Tuesday, March 08, 2005

Pork's new ad campaign

The Pork Board rolled out its new advertising campaign, with the theme, "Don' be blah." The New York Times quotes some favorable reviews of the successor to the successful campaign with the tagline, "Pork: The Other White Meat." The Times also cites some criticism of the new campaign's use of too many different themes and styles, in an effort to stay contemporary:

However, Phil Lempert, the food editor of the "Today" show on NBC, saw it another way. "It appears they're throwing a lot of disparate ideas against the wall," Mr. Lempert said, "hoping one of them will work."

And Peter Golder, an associate professor of marketing at the Stern School of Business of New York University, said he thought the campaign was "hiding from the name 'pork,' " which "itself suggests some of pork's attributes have negative associations they should work to address."

As you recall, the commodity promotion boards are controversial. The Pork Board is funded by more than $40 million annually in mandatory assessments -- taxes -- on Pork producers, with collection enforced by USDA and the Department of Justice.
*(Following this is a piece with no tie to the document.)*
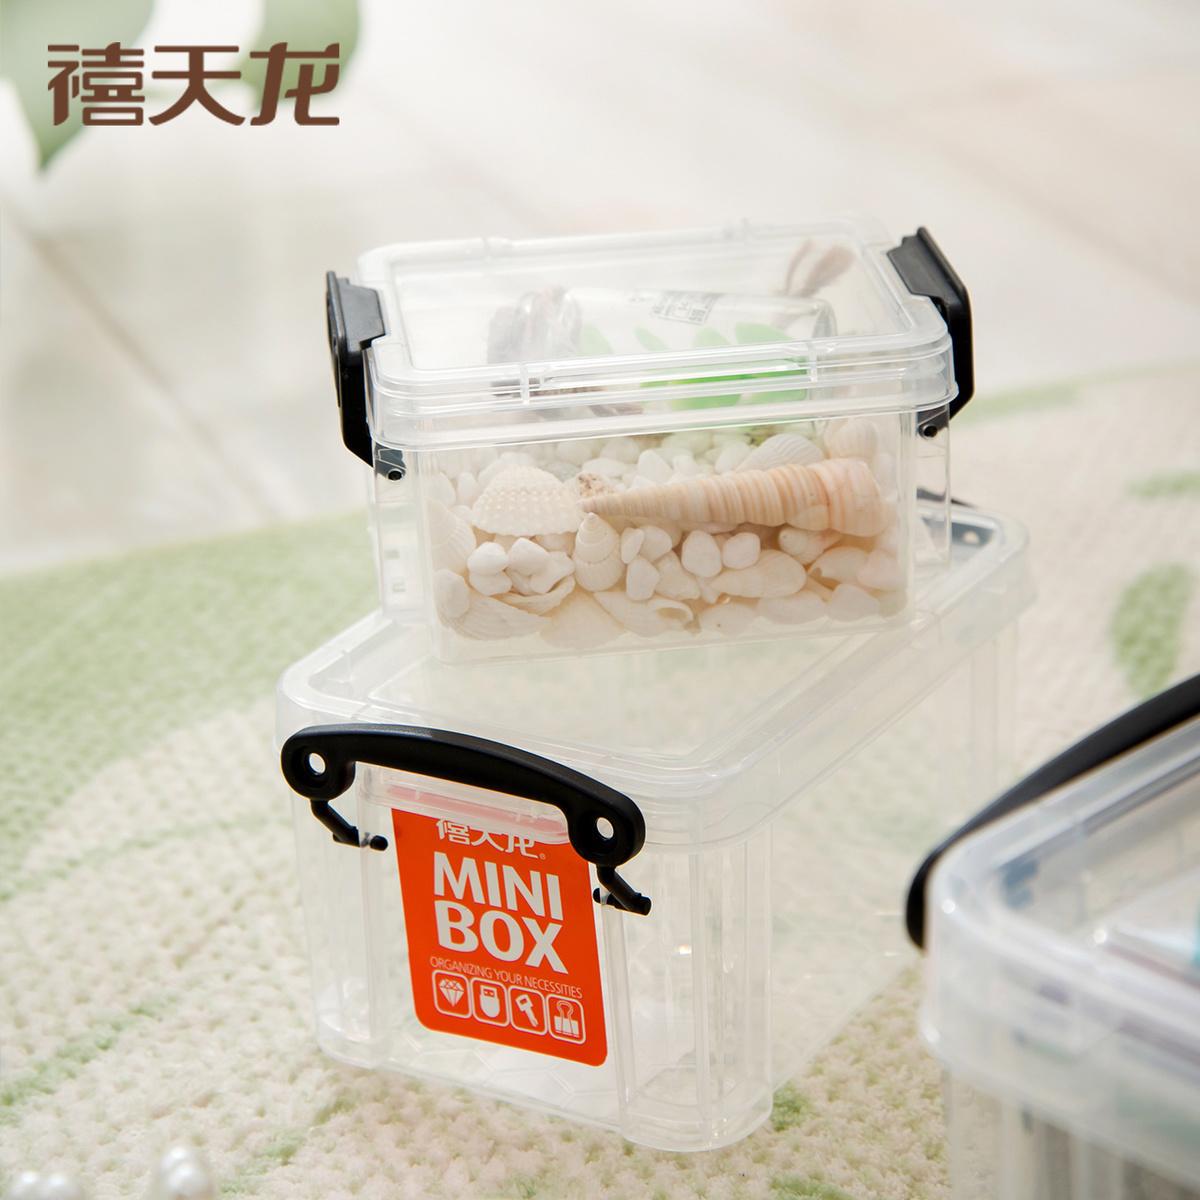 禧天龙迷你收纳整理箱加厚透明塑料储物箱小号玩具积木分类收纳盒

The Pork and Beef boards have been sued on First Amendment grounds by dissident farmers who object to the advertising messages. According to the Des Moines Register,

The timing of the new ad campaign is complicated by the fact that the U.S. Supreme Court is expected to issue a ruling soon on the constitutionality of national commodity checkoffs like the pork and beef checkoffs.
(Question: Is the industry promising payment of any funds that it does not yet have in hand, as a way of making commitments that will have to be honored even if the mandatory assessments are declared unconstitutional?).

The Federal Government has told the Supreme Court that all of the commodity board advertising is the Government's own "government speech," and hence protected from this First Amendment challenge. Because of this rather implausible claim, which is inconsistent with the industry's usual view of the role of the boards, I tend to read new advertising from the commodity promotion boards with an eye toward whether this could really be government speech. A typical finding is that the boards write one thing for consumption by nutritionists and health professionals (see this web page, which adheres closely to the Dietary Guidelines and warns about fad diets). But the boards write another thing altogether when communicating with potential buyers in the food industry (see this web page, which encourages foodservice companies to pander to consumer demand for high-fat low-carbohydrate diets, which are explicitly criticized in the Dietary Guidelines):

Your government's "government speech" seems at times to push high-meat low-carb diets that its best scientific experts criticize.